The largest data breach in history involves 16 billion login credentials
The records are scattered across 30 different databases, and some records are or might be overlapping
The data most likely comes from various infostealers
The data is recent, not merely recycled from old breaches
Cybercriminals now have unprecedented access to personal credentials and could exploit them for account takeovers, identity theft, and targeted phishing attacks

Unnecessarily compiling sensitive information can be as damaging as actively trying to steal it. For example, the Cybernews research team discovered a plethora of supermassive datasets, housing billions upon billions of login credentials. From social media and corporate platforms to VPNs and developer portals, no stone was left unturned.

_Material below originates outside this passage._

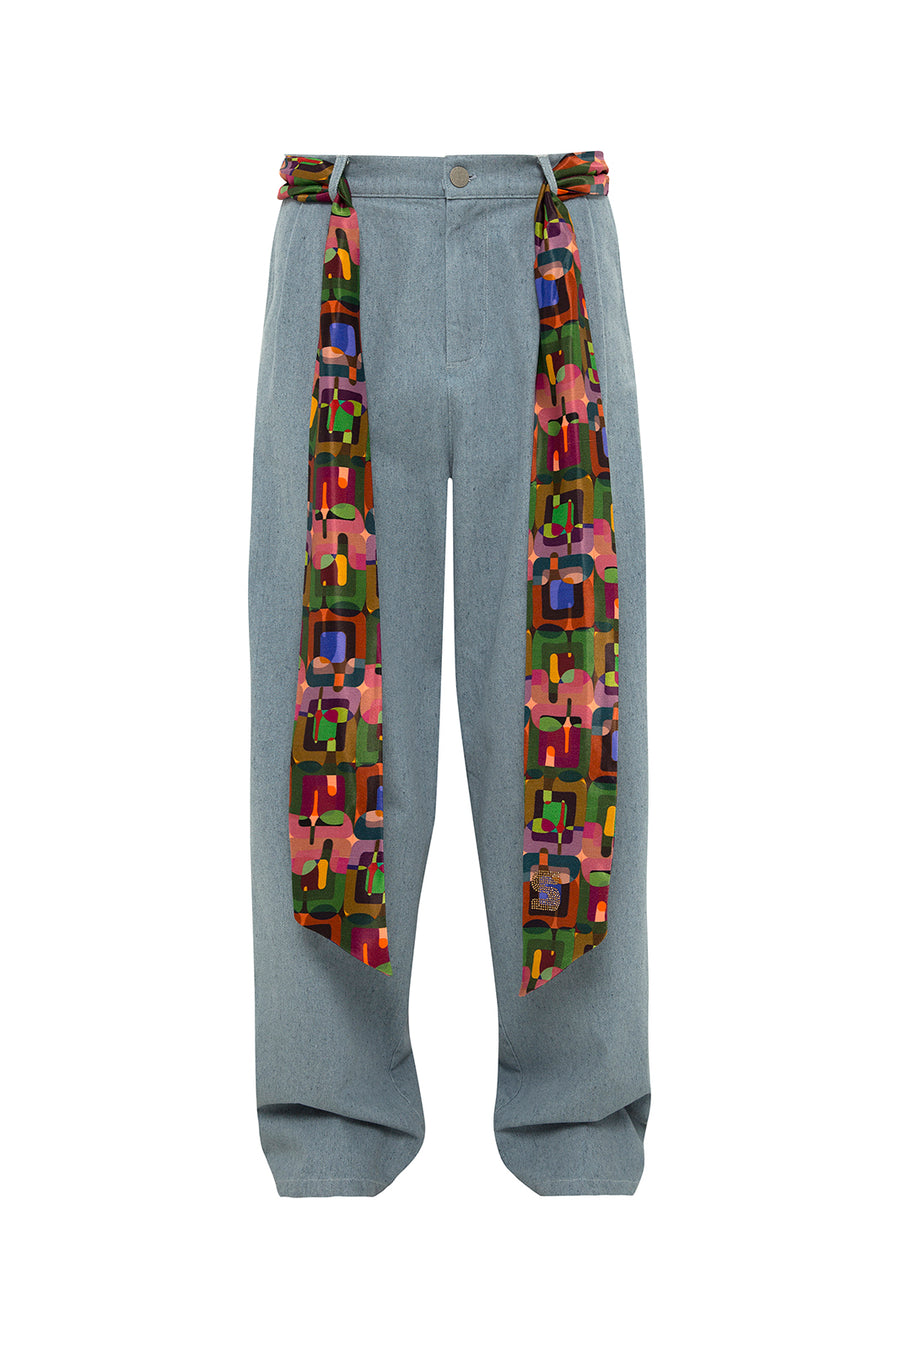 TYRON - Full length jeans with satin printed belt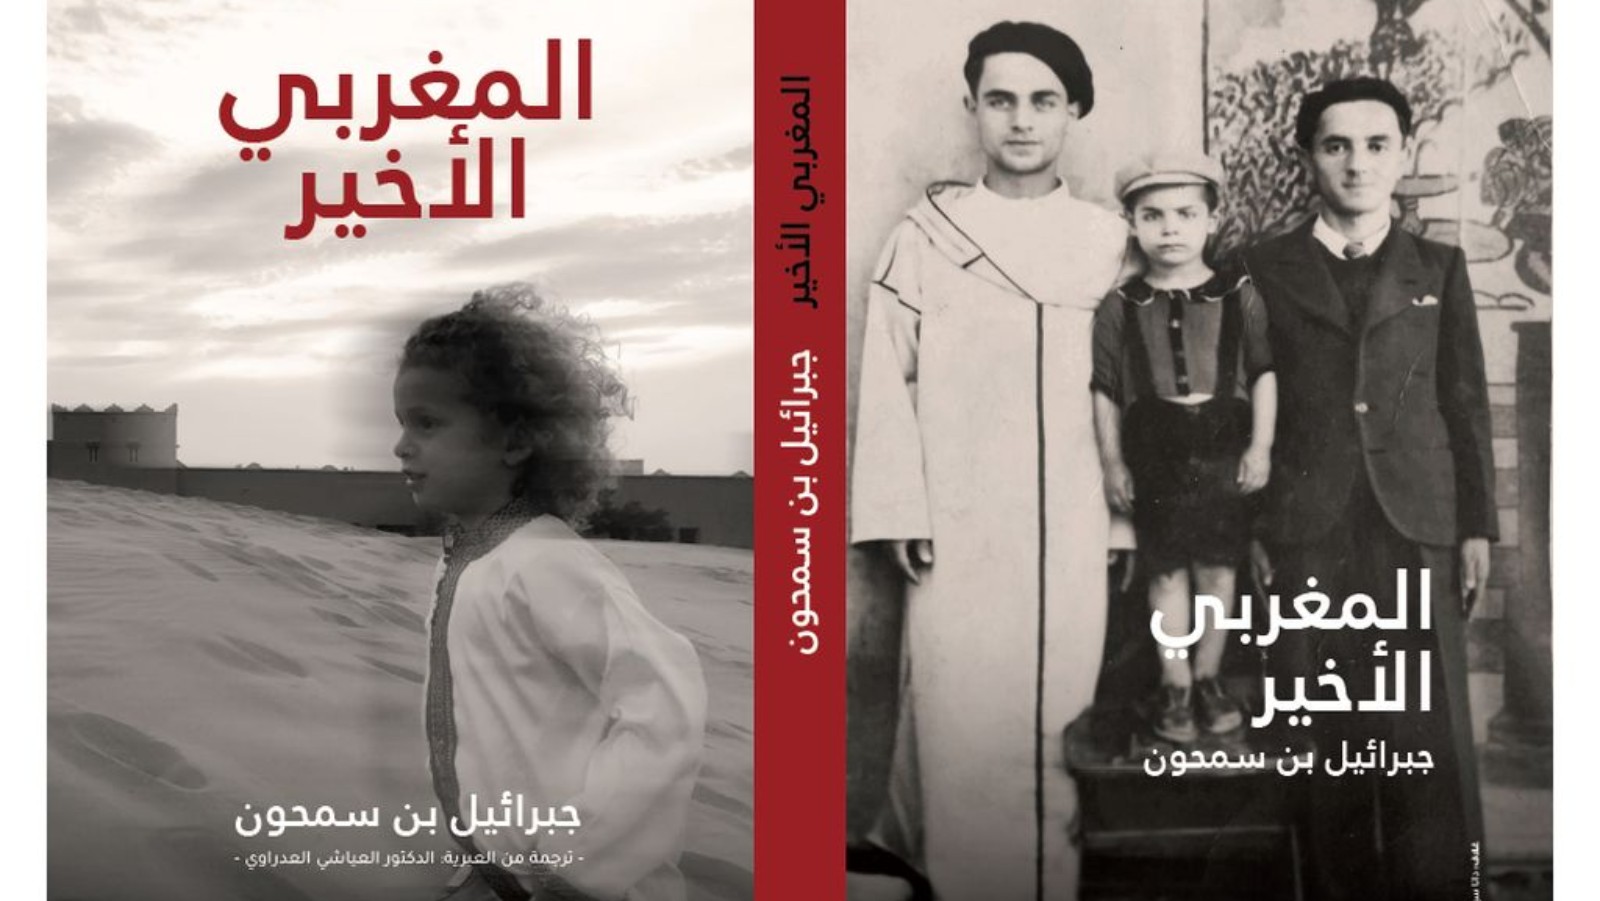 “A Girl in a Blue Shirt” by Prof. Bensimhon, translated into Moroccan Arabic. Photo courtesy of Tel Aviv University

Our team has been closely monitoring the web since the beginning of the year. So far, they’ve discovered 30 exposed datasets containing from tens of millions to over 3.5 billion records each. In total, the researchers uncovered an unimaginable 16 billion records.

None of the exposed datasets were reported previously, bar one: in late May, Wired magazine reported a security researcher discovering a “mysterious database” with 184 million records. It barely scratches the top 20 of what the team discovered. Most worryingly, researchers claim new massive datasets emerge every few weeks, signaling how prevalent infostealer malware truly is.

“Mysterious database” with 184 million records. — A “mysterious database” with 184 million records. Screenshot by Bob Diachenko.

“This is not just a leak – it’s a blueprint for mass exploitation. With over 16 billion login records exposed, cybercriminals now have unprecedented access to personal credentials that can be used for account takeover, identity theft, and highly targeted phishing. What’s especially concerning is the structure and recency of these datasets – these aren’t just old breaches being recycled. This is fresh, weaponizable intelligence at scale,” researchers said.

The only silver lining here is that all of the datasets were exposed only briefly: long enough for researchers to uncover them, but not long enough to find who was controlling vast amounts of data. Most of the datasets were temporarily accessible through unsecured Elasticsearch or object storage instances.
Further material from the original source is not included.